2. Literature Review

2.1. Usability Testing Methods

Moderated testing is done using phone, video, or interviews with the users in any HCI design. Lab and guerrilla testing methods are also concerned with moderated testing. In this usability testing platform, phone, interviews, and video testing can all be conducted remotely. Lab and guerrilla testing must be carried out in person. Moderated testing conducted remotely has a high success rate in collaborative usability testing of virtual reality systems [22, 23].

2.1.1. Lab Usability Testing: In Person vs. Remote

A user’s ability to complete the task or set of tasks within the time frame can be tested by using lab usability testing. This testing can be in person or remote. An empirical comparison between the lab and the remote usability testing of websites was conducted, where 8 participants were tested through the lab and 38 people were tested remotely [24]. The average subjective ratings of usability given by the users are shown in Figure 1.

2.2. Affordance Testing

“Affordance” refers to the features of an object, software program, website, or any other application that provides a default clue about how to use it. Bower conducted an affordance analysis on an online educational site that offers additional affordance testing including “link-ability,” “highlight-ability,” and “permission-ability.” The study concluded that interactions between affordance and operations performed make a significant impression on learning experiences. The study further proposed numerous levels of awareness for the online educational program [25, 26].

2.2.1. Learnability Testing

The feature of “learnability” helps the users to familiarize themselves quickly with the tasks allowed by the provided interface. Evaluation of learnability for learning management systems is of great importance. A study was conducted at King Abdul Aziz University, Saudi Arabia, in order to evaluate the usability and learnability of its LMS “Blackboard.” The investigation concluded that LMS is reliable and is well designed but still lacks the ability to guide distance education learners. It also found that Blackboard violates some of the basic usability guidelines [27].

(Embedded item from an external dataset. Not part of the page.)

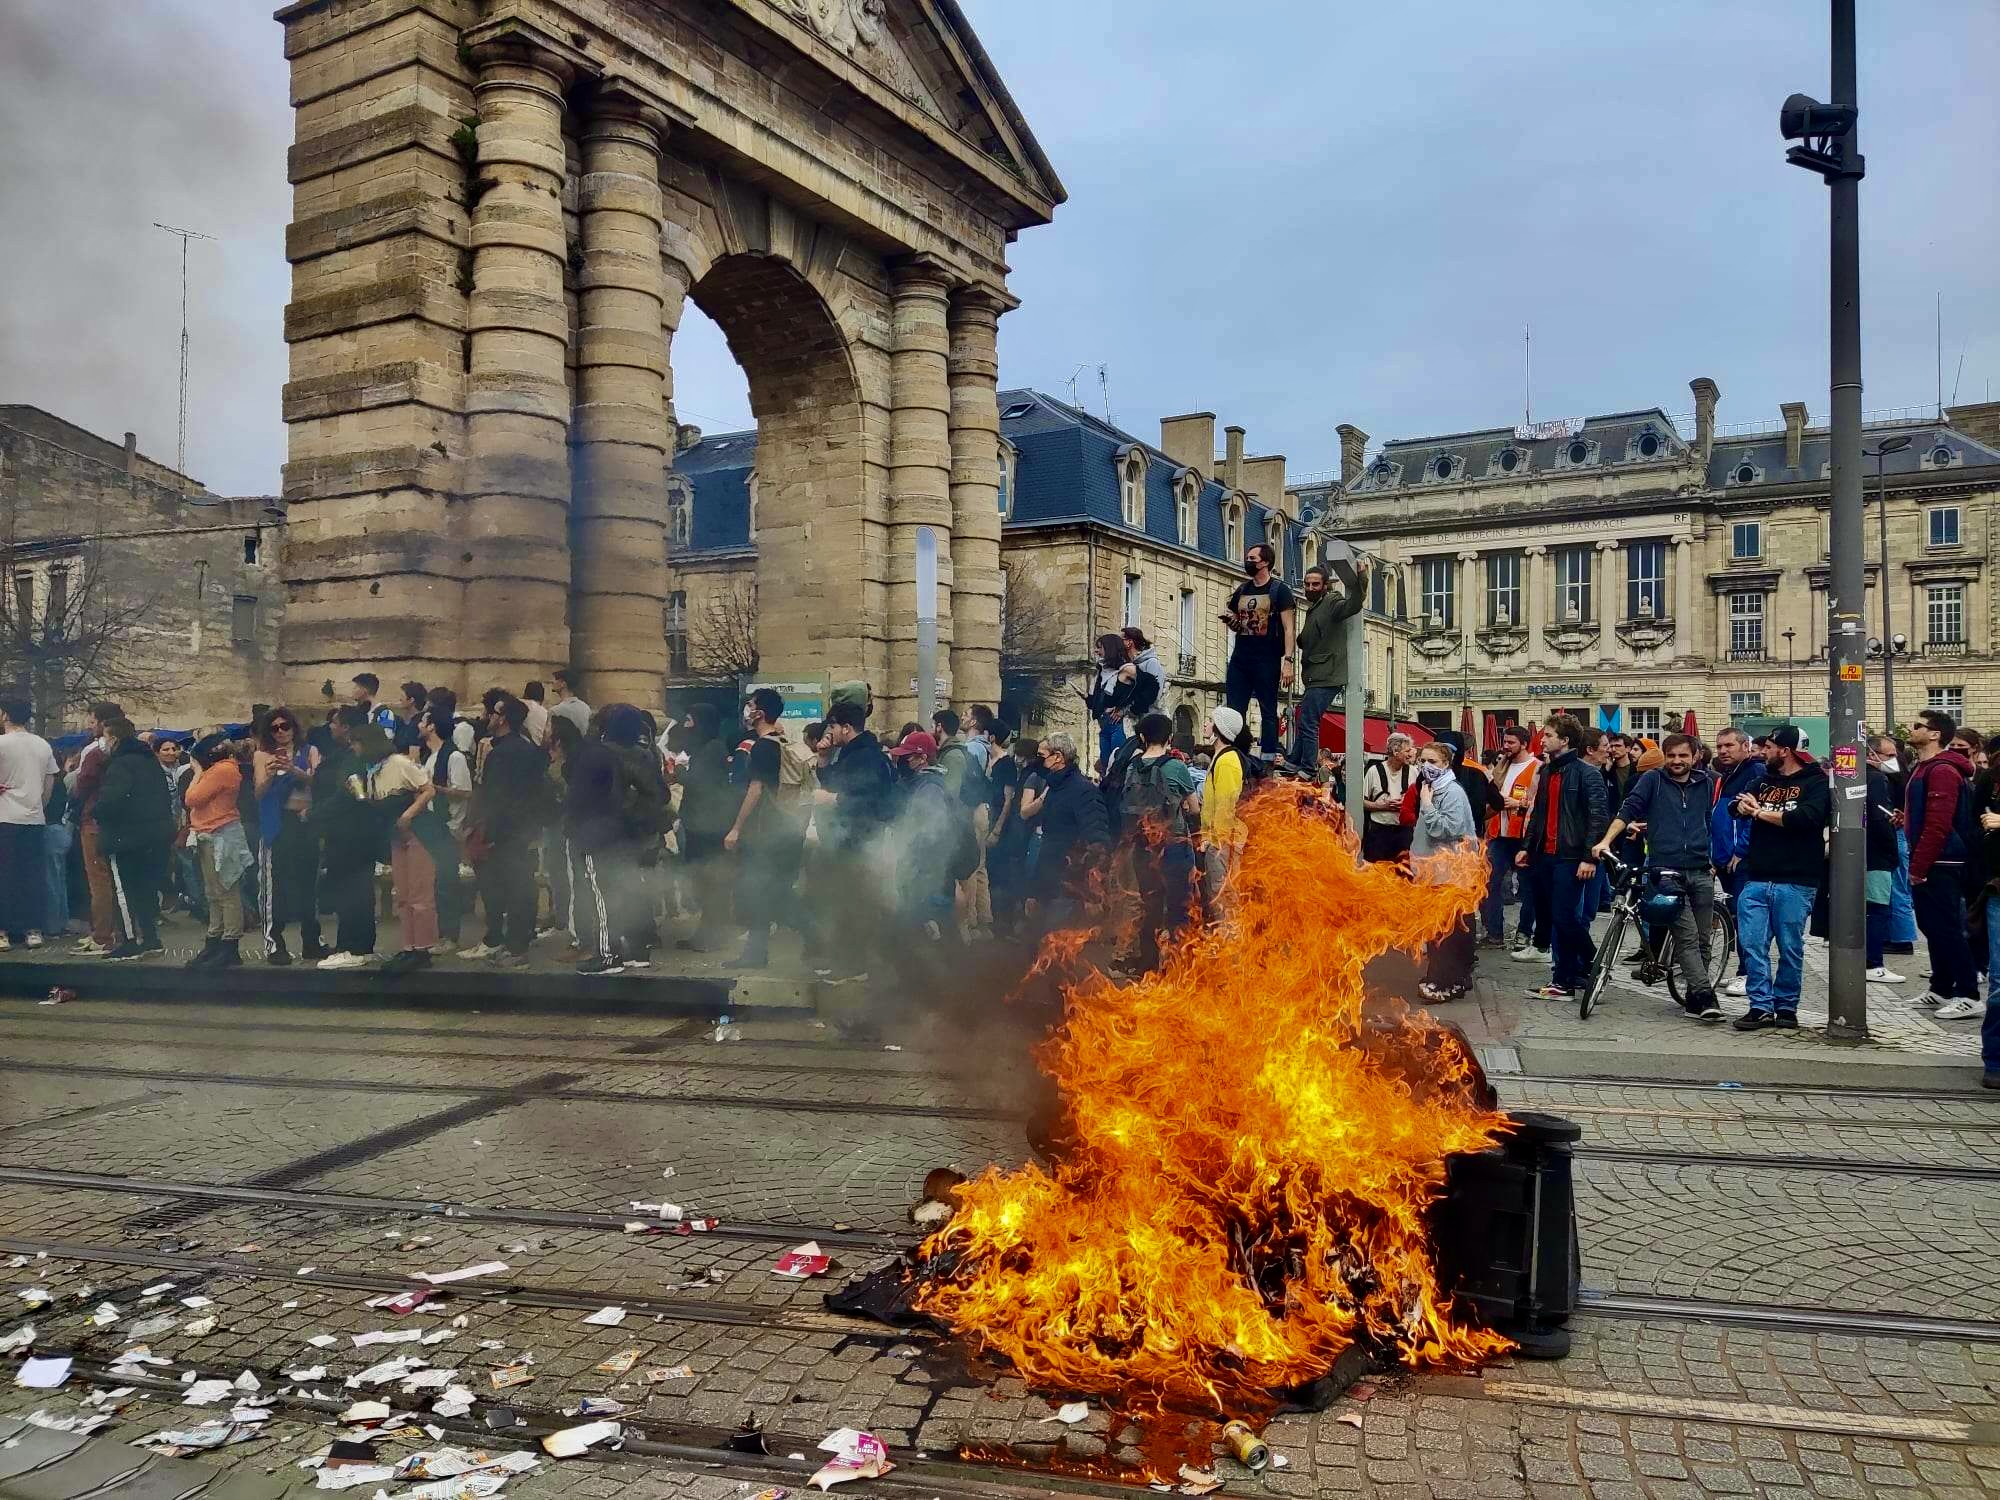 Réforme des retraites : relaxe d’un manifestant interpellé à Bordeaux

2.2.2. Ease of Use Testing

A study was conducted for usability testing of a school website developed to provide relevant information to parents and visitors at Kennesaw State University. A qualitative approach was adopted to conduct testing using observation and think-aloud methods. There were different tasks given to be performed by users with a rating system of zero to ten. In some of the more challenging tasks, it was found that the website was not easy to use at a certain level. It was concluded that Dunwoody School’s website contains beneficial resources for school community members but that testing did not result in enhancing its “ease of use” factor [28].

2.3. Mobile Usability Testing

Millions of apps are in use but, at the same time, the number of applications fulfilling the HCI and usability standards is very small. In fact, it is important to know what usability evaluation methods have been applied to different mobile applications and where we stand.

2.3.1. Mobile Usability Evaluation Models

The first model was introduced in 2002 for the evaluation of a set of usability dimensions. These measures included navigation, input rate and menu visualization, presentation, error prevention, navigation, and contents and architecture of information design, but this study was not able to specify how each dimension is explicitly connected to each usability dimension [29]. In 2006, a study purely related to highlighting the challenges faced in evaluating the usability dimensions was conducted. This discussion was based on one hundred and eighty publications published in core human-computer interaction journals [30].

In [31], a model for usability measurements of mobile applications has been introduced. This model was designed after a review of hundreds of empirical papers. This model proposed guidelines for researchers to adopt the way of usability evaluation of mobile applications in general, but this research still lacks guidance on which usability dimension should be chosen for specific types of mobile application.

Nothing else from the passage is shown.